Relative poverty: Defined as income/consumption below a percentage of median — more used in developed countries.
Multidimensional Poverty: UNDP-OPHI's MPI measures 10 indicators across 3 dimensions — Health (nutrition, child mortality), Education (years of schooling, school attendance), Living Standards (cooking fuel, sanitation, drinking water, electricity, housing, assets).
5.2 India's Poverty Data
NITI Aayog National MPI 2023:
- India's multidimensional poverty fell from 29.17% (2013-14) to 11.28% (2022-23) — a reduction of ~17.89 percentage points in 9 years
- In absolute numbers: approximately 24.82 crore persons escaped multidimensional poverty during 2005-06 to 2015-16 (World Bank assessment)
- Uttar Pradesh, Bihar, Madhya Pradesh have highest poverty headcounts
- Rajasthan's MPI 2023: ~18% multidimensional poor (below national average of earlier periods)
Poverty Line Committees:
- Alagh Committee (1979): First calorie-based norms (2,400 kcal/day rural, 2,100 urban)
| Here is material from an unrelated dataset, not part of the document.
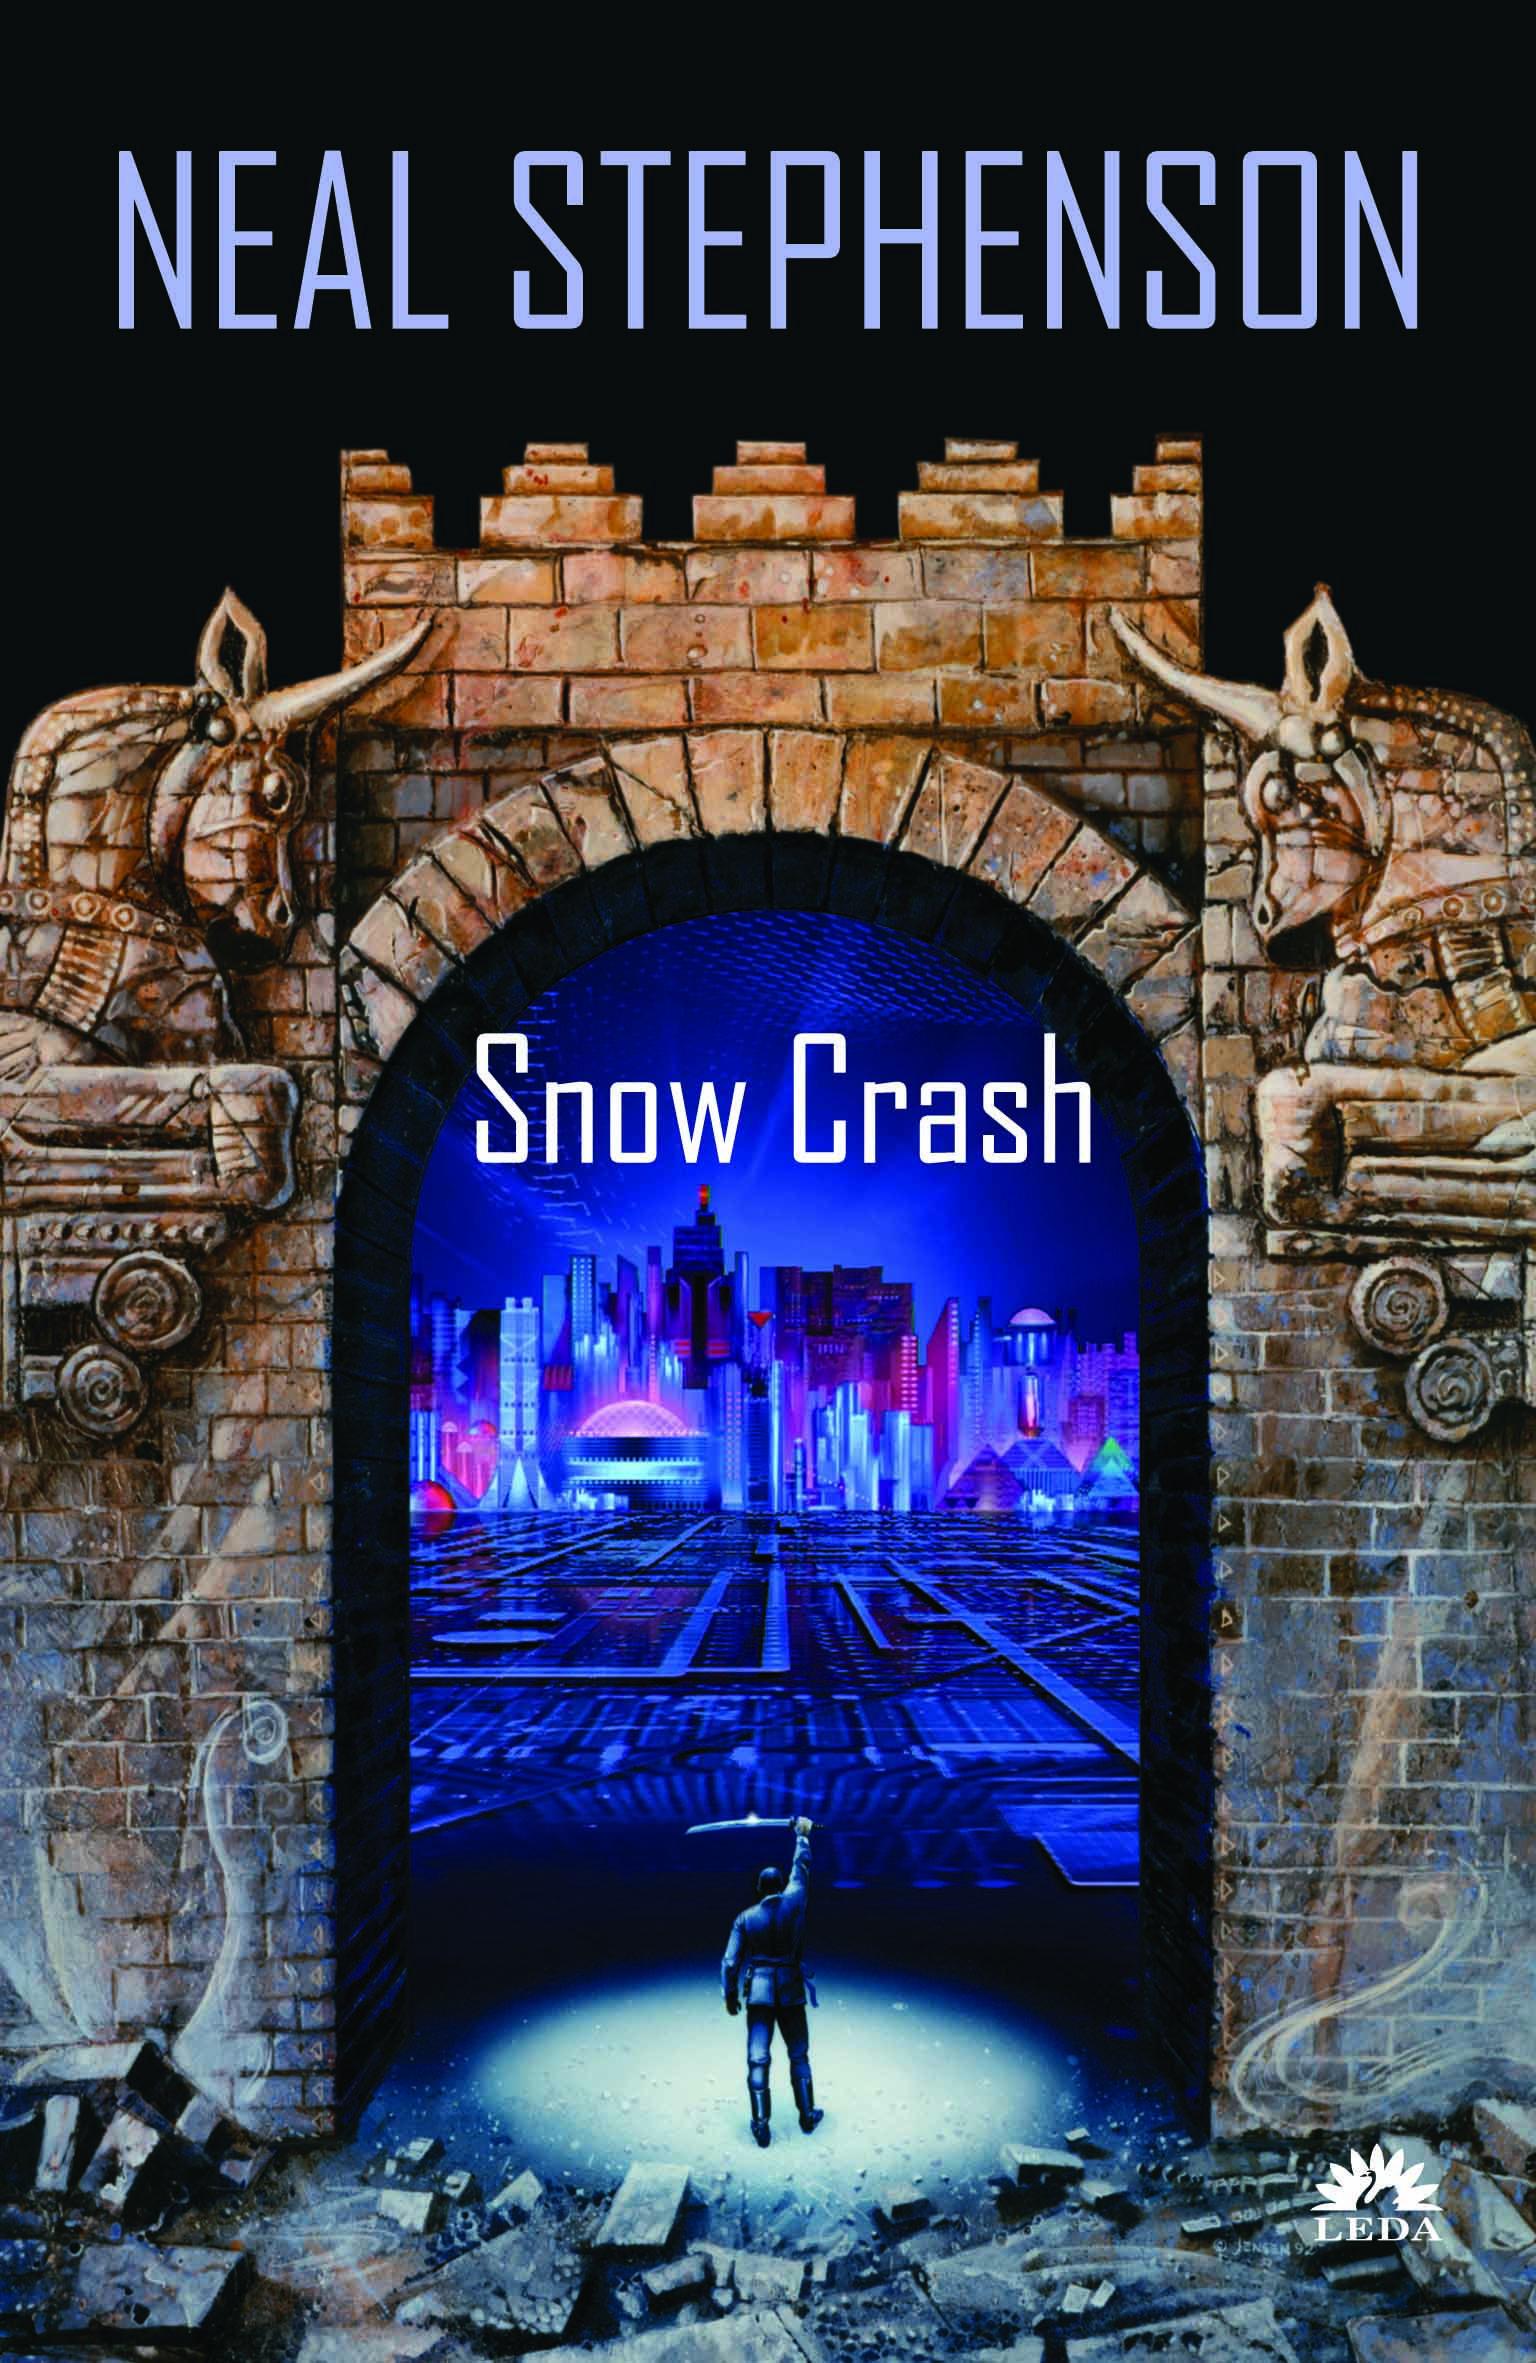 Neal Stephenson - Snow Crash

- Lakdawala Committee (1993): Calorie-based poverty lines by state
- Tendulkar Committee (2009): Shifted to consumption-based, recommended Rs 446/month (rural) and Rs 578/month (urban) — widely used today
- Rangarajan Committee (2014): Recommended higher poverty lines of Rs 972/month (rural) and Rs 1,407/month (urban); government did not officially adopt this
5.3 Types and Causes of Poverty
| Type | Description |
|---|---|
| Absolute poverty | Unable to meet basic survival needs |
| Relative poverty | Below median income; social exclusion |
| Chronic poverty | Intergenerational — families poor across generations |
| Transient poverty | Temporary due to shocks (illness, drought, job loss) |
| Rural poverty | Dominates India — dependence on agriculture, seasonal income |
| Urban poverty | Informal workers, slum dwellers, migrants |
Causes of persistence: Caste-based discrimination limits access to education/employment for Dalits and Adivasis; feminisation of poverty — women more likely to be poor due to gender wage gap and care burden; agrarian distress — small/marginal farmers; lack of social security in informal economy; health shocks — a single illness can push a family below poverty line (catastrophic expenditure).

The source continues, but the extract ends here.